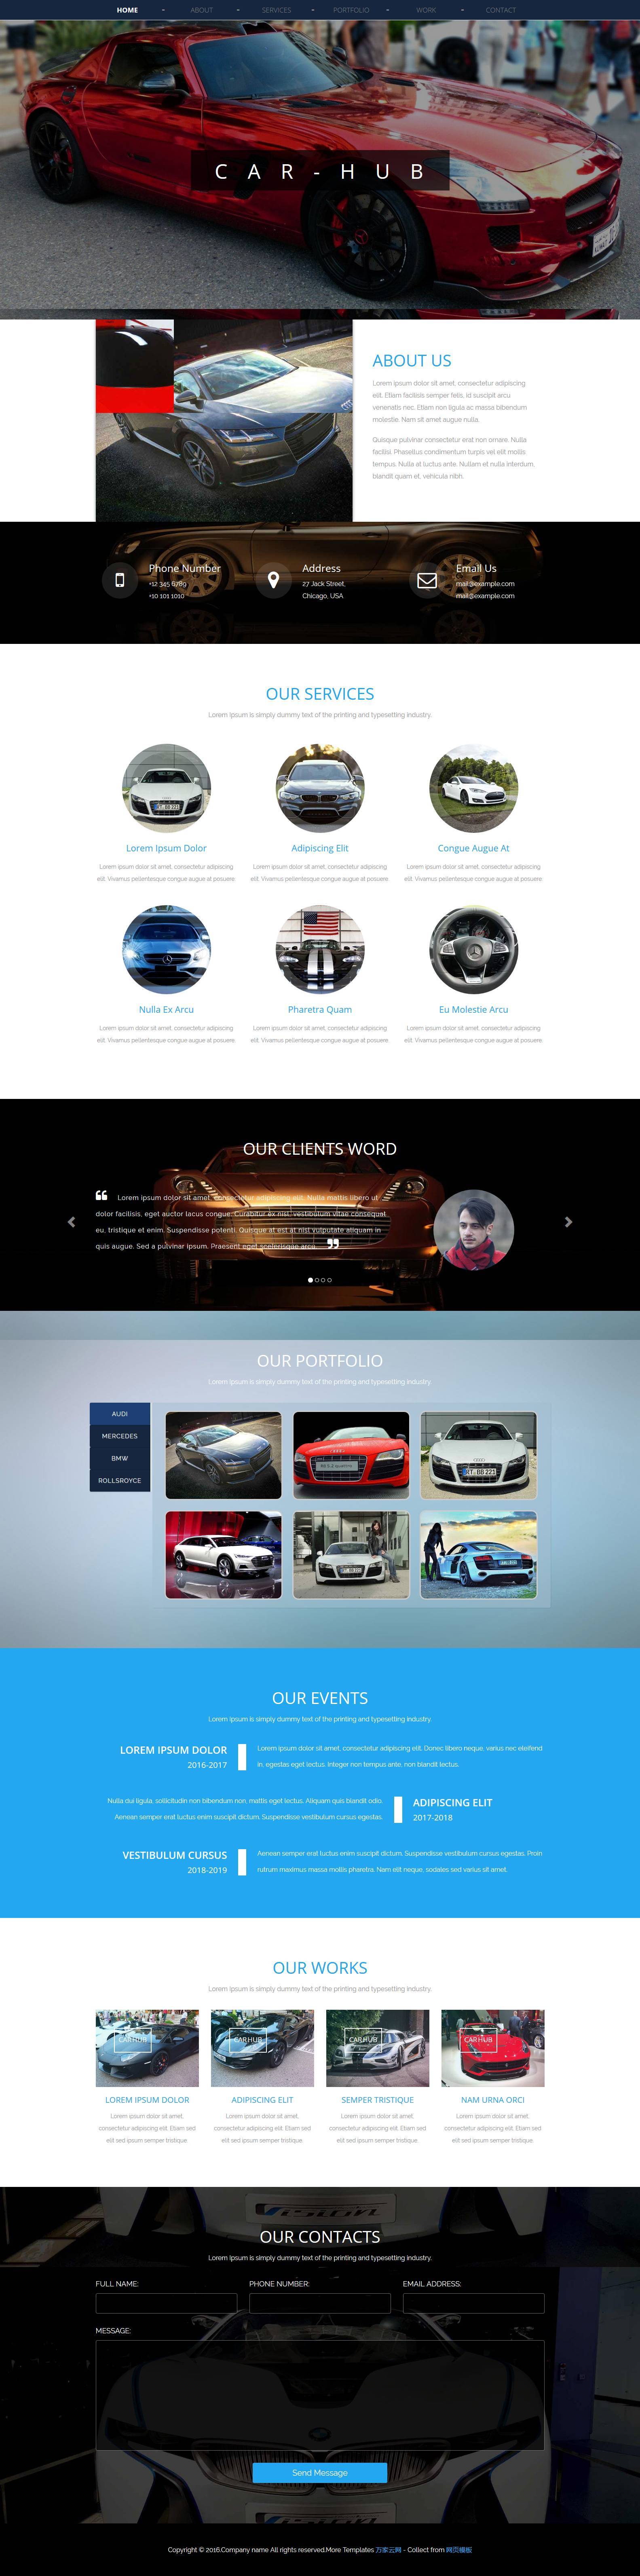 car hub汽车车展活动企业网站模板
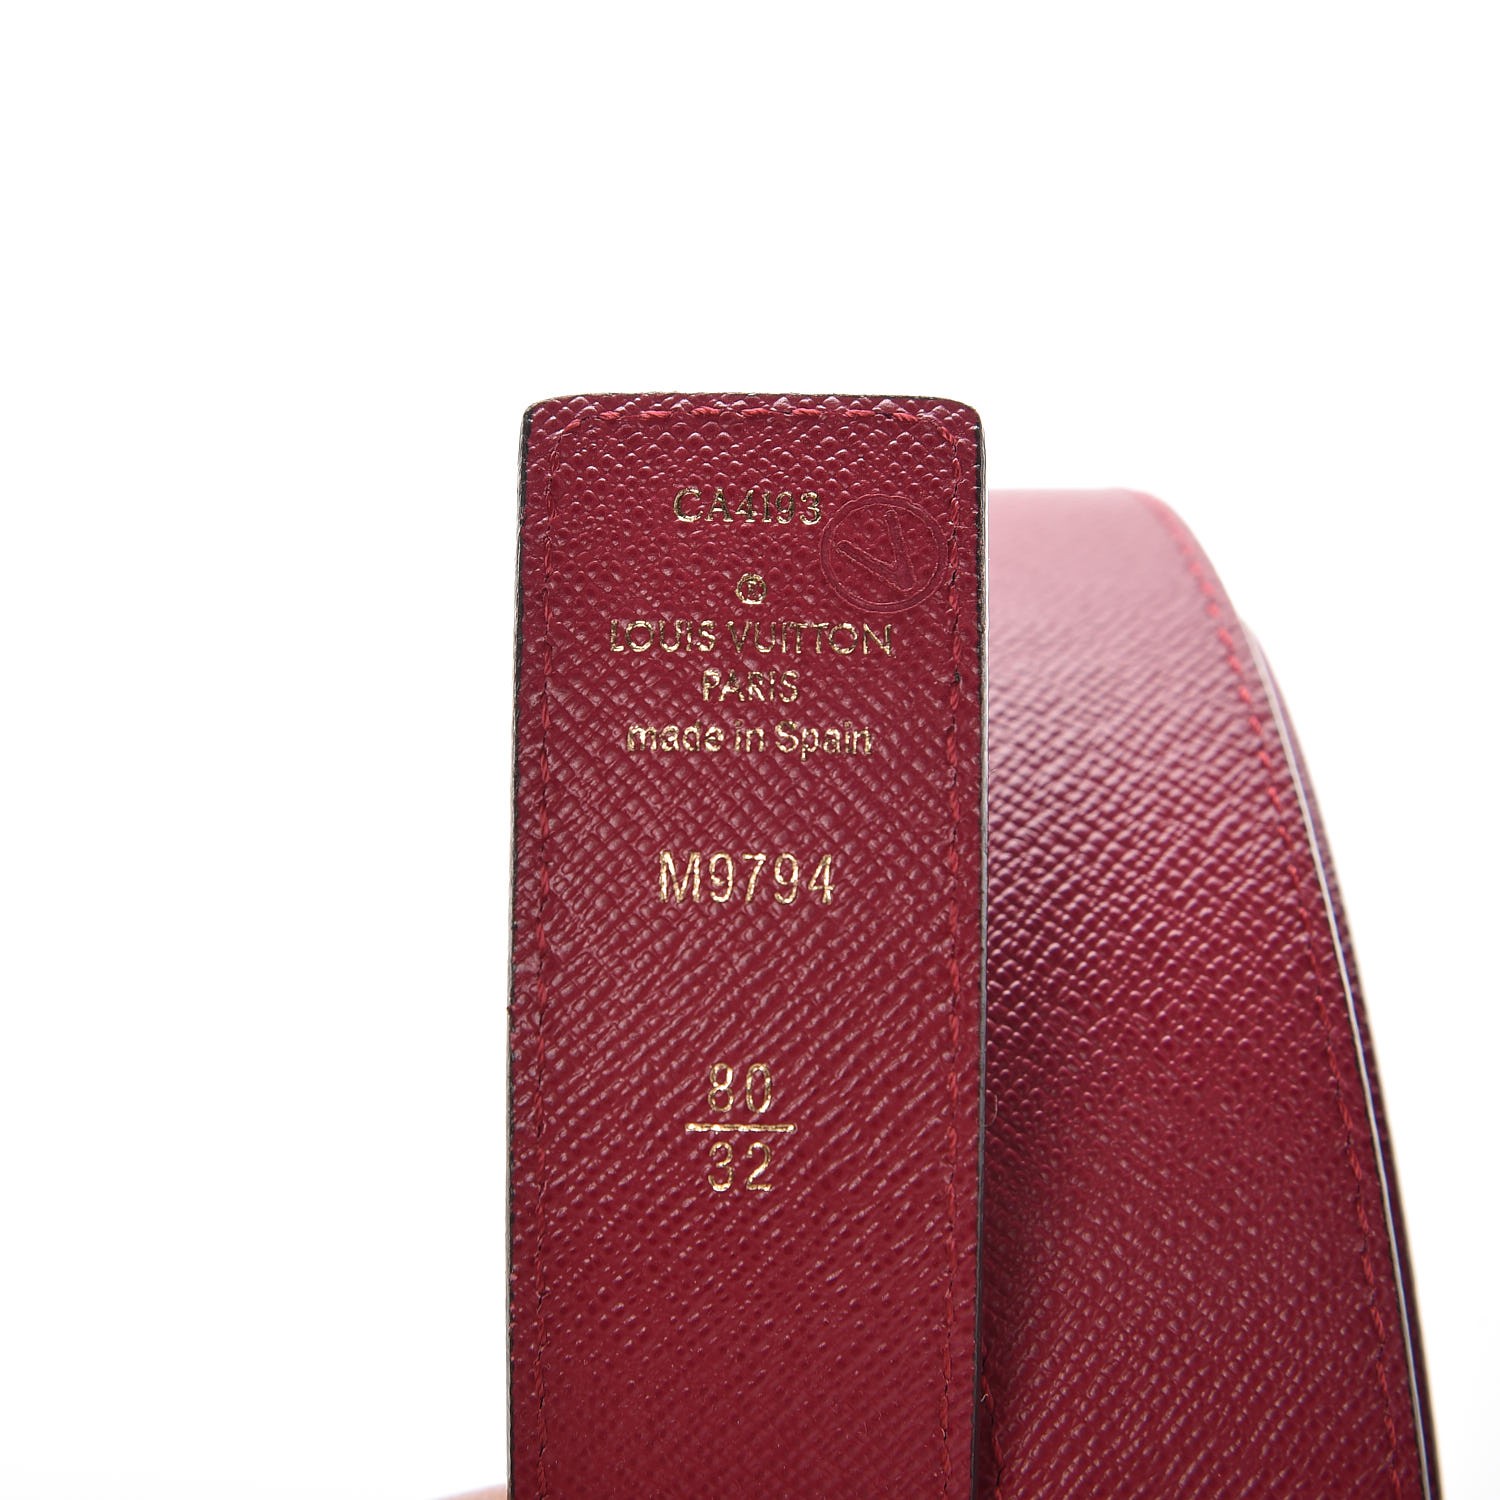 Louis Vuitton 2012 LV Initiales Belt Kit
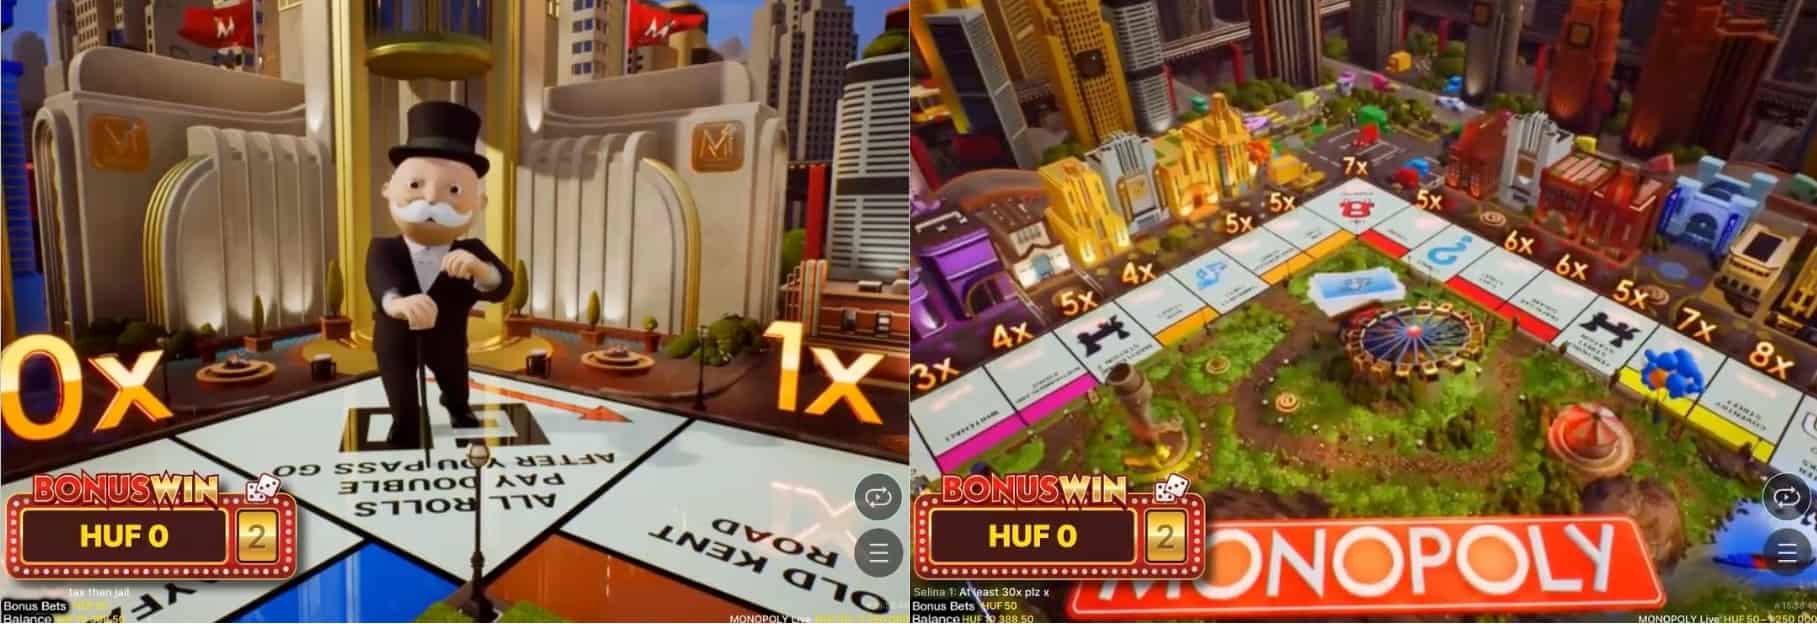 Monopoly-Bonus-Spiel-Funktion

### WORK REQUIRED
Print all the lines above exactly as they are, but without the pictures.

### RESPONSE
 car hub汽车车展活动企业网站模板
 Louis Vuitton 2012 LV Initiales Belt Kit
 Monopoly-Bonus-Spiel-Funktion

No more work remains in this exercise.